The problem: A faithful copy of the data is the goal; set it down exactly, without the images.

Data below:
----------

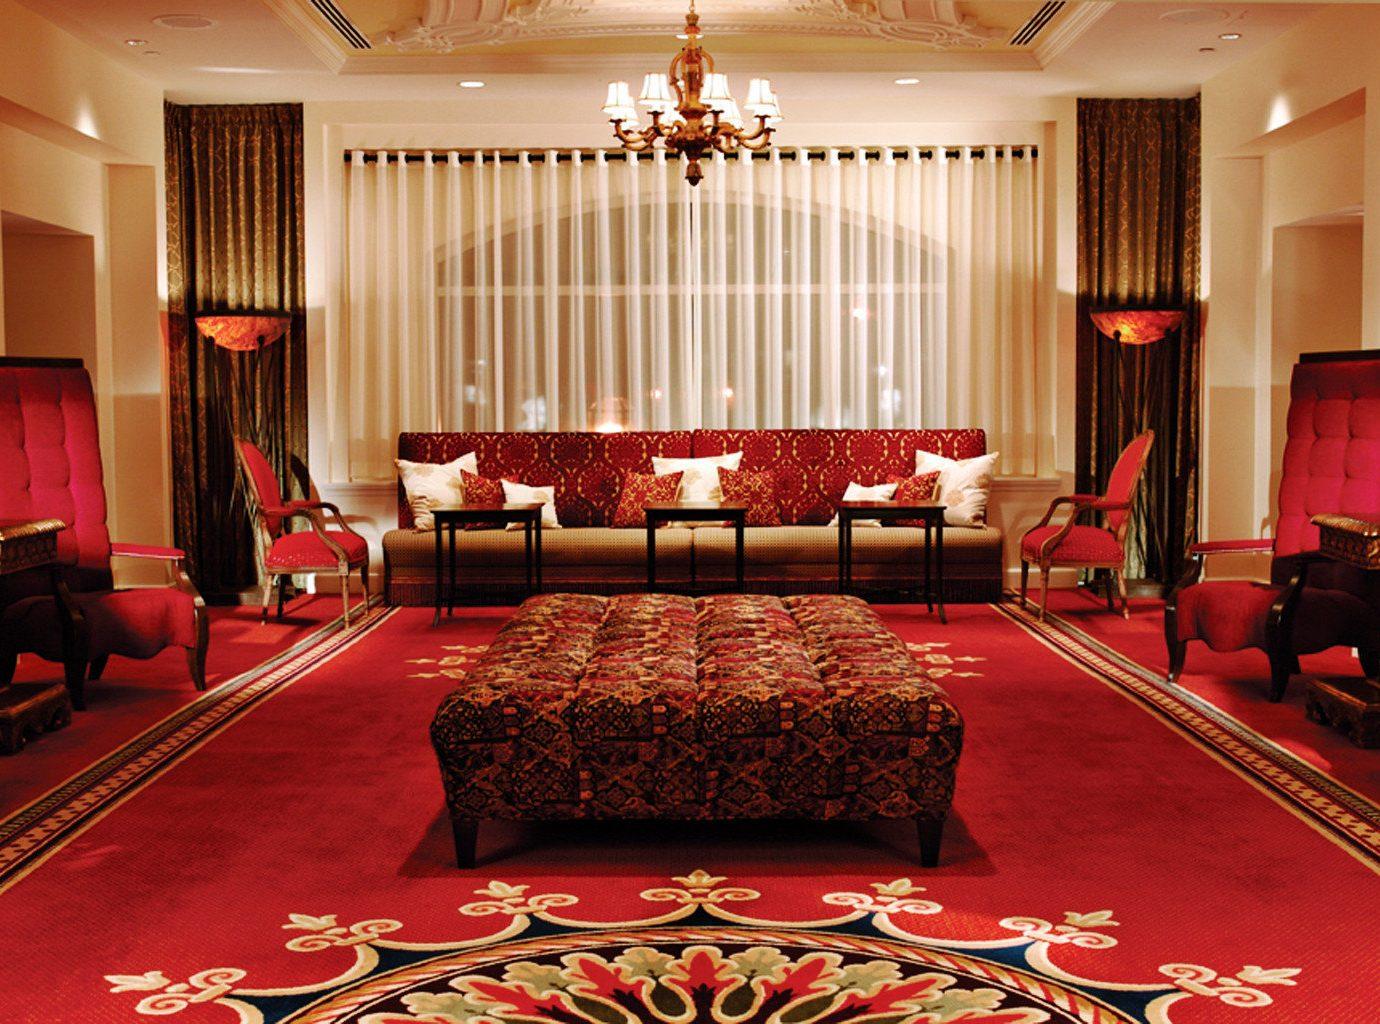 Elegant Historic Hotels Living Lounge Luxury indoor room wall red floor window ceiling function hall Suite decorated rug interior design quinceañera ballroom furniture billiard room hotel several
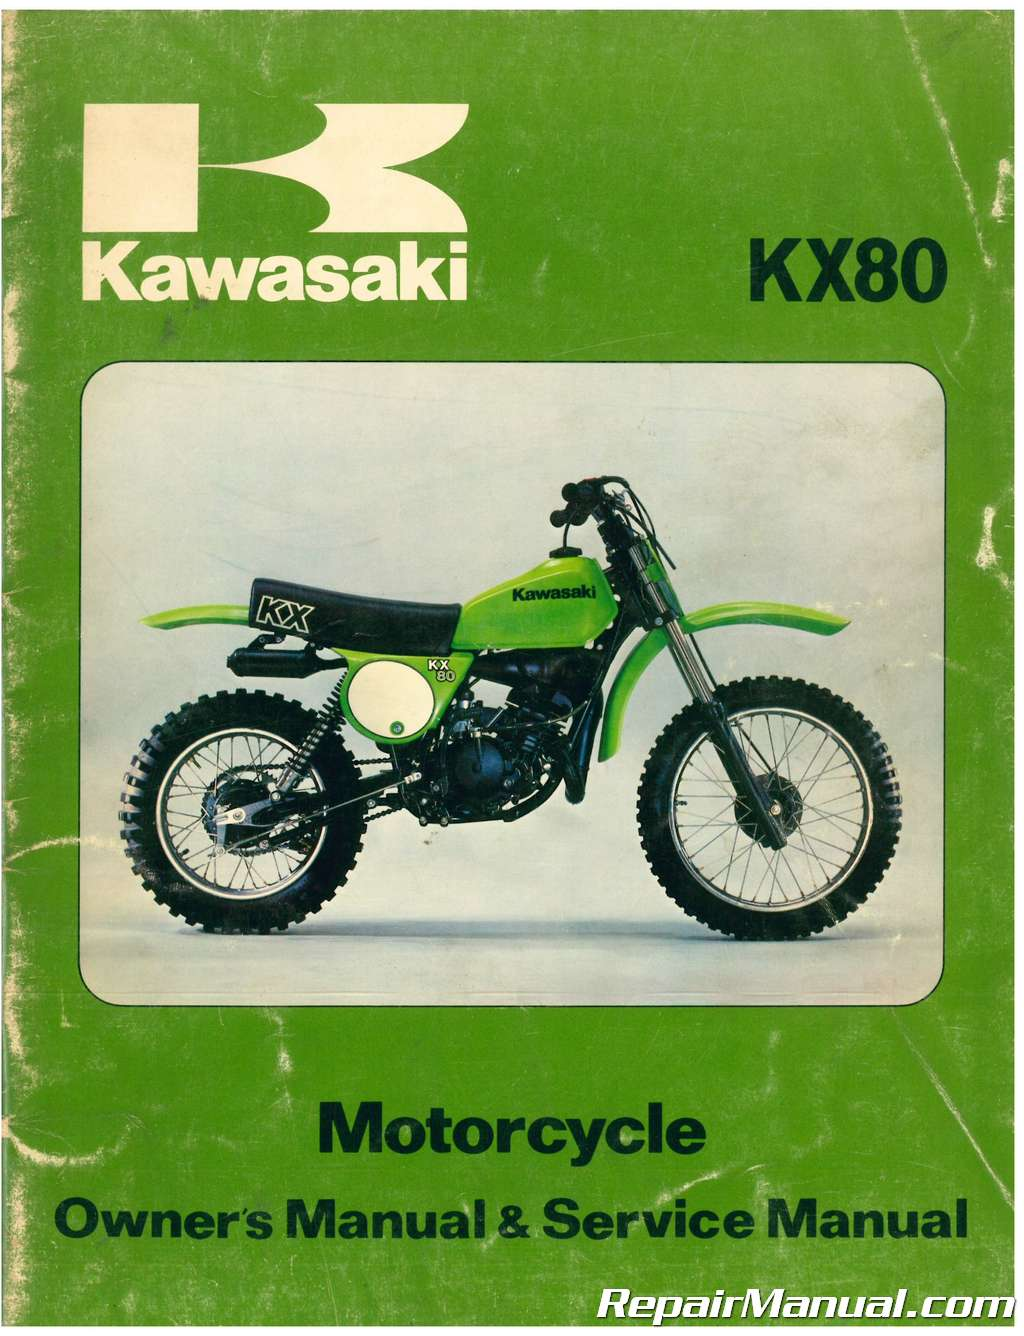 ... Array - used 1979 kawasaki kx80 a1 motorcycle owners service manual rh  repairmanual ...
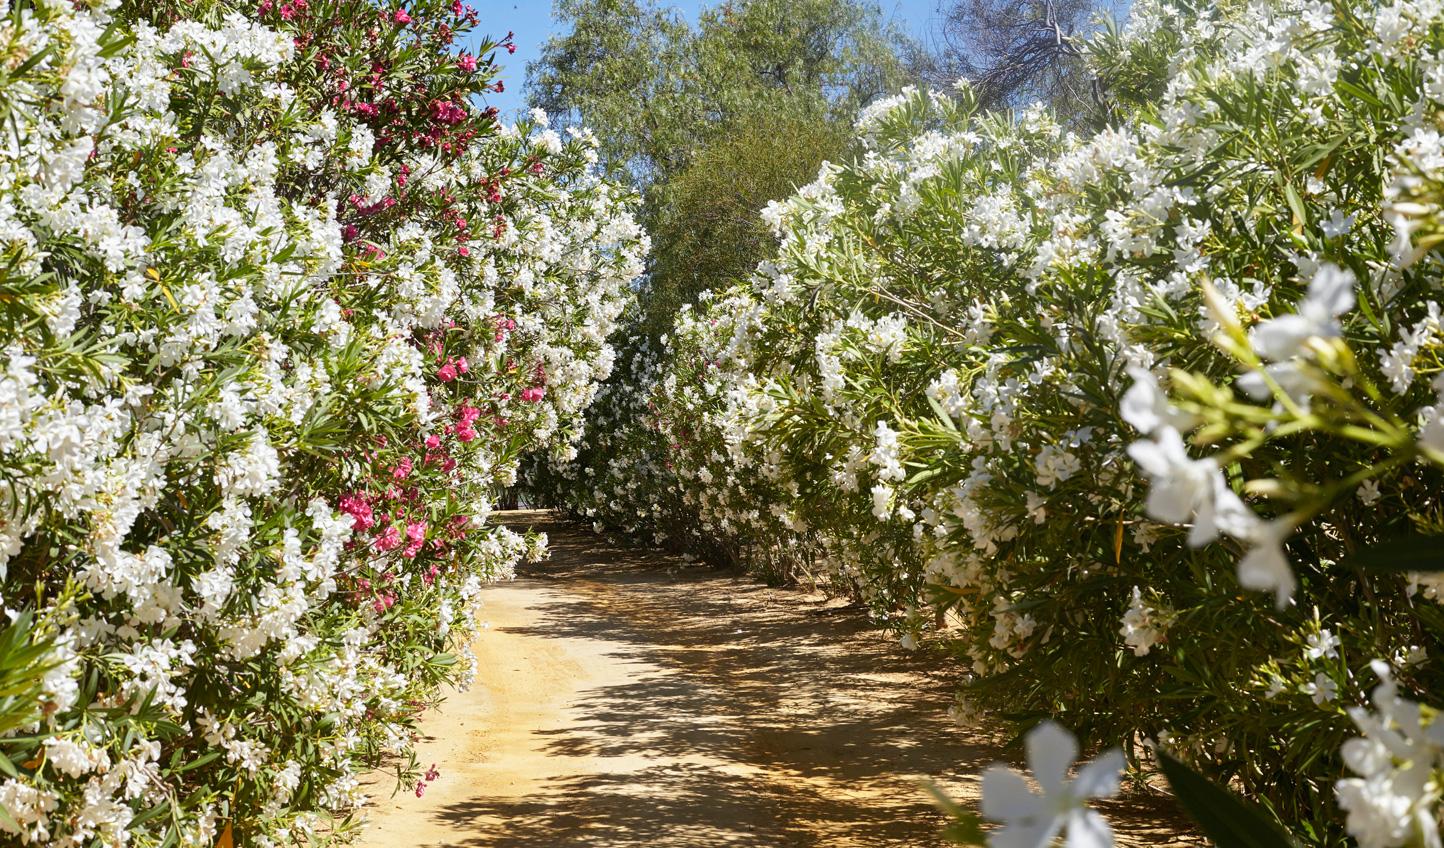 Take a stroll through the beautiful gardens of Hacienda San Rafael

----------

Completed task:
 Elegant Historic Hotels Living Lounge Luxury indoor room wall red floor window ceiling function hall Suite decorated rug interior design quinceañera ballroom furniture billiard room hotel several
 ... Array - used 1979 kawasaki kx80 a1 motorcycle owners service manual rh  repairmanual ...
 Take a stroll through the beautiful gardens of Hacienda San Rafael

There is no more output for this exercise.